### THE TASK
In the data below, one line contains "HAZET Drehmoment-Schlüssel 6108-1CT" and a later one contains "Air Classifier Mill CAM 1300". Print both, with every line between them, exactly and alone.

*** RECORDS SUPPLIED ***

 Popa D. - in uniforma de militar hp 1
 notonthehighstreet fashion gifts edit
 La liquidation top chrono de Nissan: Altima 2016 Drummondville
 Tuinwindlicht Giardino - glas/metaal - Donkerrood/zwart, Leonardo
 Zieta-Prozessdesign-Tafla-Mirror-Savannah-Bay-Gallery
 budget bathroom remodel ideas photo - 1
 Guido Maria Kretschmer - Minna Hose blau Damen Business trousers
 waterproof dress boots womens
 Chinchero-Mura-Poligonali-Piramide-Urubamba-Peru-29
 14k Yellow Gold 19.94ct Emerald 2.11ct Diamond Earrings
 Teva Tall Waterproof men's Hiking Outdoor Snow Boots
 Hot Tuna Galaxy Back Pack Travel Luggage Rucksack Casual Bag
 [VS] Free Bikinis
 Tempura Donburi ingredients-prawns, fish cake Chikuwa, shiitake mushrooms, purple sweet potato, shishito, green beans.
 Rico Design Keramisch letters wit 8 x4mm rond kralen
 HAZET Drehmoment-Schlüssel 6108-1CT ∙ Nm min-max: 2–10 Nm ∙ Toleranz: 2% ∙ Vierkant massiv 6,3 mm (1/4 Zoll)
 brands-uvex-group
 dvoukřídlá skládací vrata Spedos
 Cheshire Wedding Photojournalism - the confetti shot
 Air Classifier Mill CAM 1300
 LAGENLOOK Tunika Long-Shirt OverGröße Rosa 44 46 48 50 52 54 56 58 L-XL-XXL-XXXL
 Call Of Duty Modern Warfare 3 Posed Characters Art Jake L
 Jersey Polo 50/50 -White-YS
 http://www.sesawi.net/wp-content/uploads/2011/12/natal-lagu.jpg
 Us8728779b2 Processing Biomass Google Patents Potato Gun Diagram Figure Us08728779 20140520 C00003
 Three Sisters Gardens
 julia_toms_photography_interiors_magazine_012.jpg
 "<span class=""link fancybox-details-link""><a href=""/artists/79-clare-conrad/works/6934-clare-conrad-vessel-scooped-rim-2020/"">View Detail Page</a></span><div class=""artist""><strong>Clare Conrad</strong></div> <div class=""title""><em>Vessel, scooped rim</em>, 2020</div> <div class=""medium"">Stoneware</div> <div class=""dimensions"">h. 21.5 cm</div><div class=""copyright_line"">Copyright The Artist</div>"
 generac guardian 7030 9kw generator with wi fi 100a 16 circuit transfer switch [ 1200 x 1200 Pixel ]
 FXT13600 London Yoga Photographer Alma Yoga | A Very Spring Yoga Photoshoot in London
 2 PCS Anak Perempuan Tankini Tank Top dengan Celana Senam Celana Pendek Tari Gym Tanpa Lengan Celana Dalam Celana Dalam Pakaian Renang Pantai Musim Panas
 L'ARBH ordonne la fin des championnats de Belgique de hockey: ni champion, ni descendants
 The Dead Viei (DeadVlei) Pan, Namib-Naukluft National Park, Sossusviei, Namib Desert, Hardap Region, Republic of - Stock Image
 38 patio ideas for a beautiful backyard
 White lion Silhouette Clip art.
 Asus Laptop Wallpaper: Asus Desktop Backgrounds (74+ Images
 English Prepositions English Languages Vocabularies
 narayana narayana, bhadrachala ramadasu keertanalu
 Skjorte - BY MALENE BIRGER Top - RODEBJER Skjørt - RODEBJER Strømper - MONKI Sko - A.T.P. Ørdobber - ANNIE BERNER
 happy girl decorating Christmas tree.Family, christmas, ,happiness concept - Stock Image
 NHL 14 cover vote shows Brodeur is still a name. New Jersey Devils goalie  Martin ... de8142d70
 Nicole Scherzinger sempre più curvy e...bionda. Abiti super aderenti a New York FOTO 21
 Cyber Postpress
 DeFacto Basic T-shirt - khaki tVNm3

*** End of RECORDS SUPPLIED ***

### COMPLETED TASK
 HAZET Drehmoment-Schlüssel 6108-1CT ∙ Nm min-max: 2–10 Nm ∙ Toleranz: 2% ∙ Vierkant massiv 6,3 mm (1/4 Zoll)
 brands-uvex-group
 dvoukřídlá skládací vrata Spedos
 Cheshire Wedding Photojournalism - the confetti shot
 Air Classifier Mill CAM 1300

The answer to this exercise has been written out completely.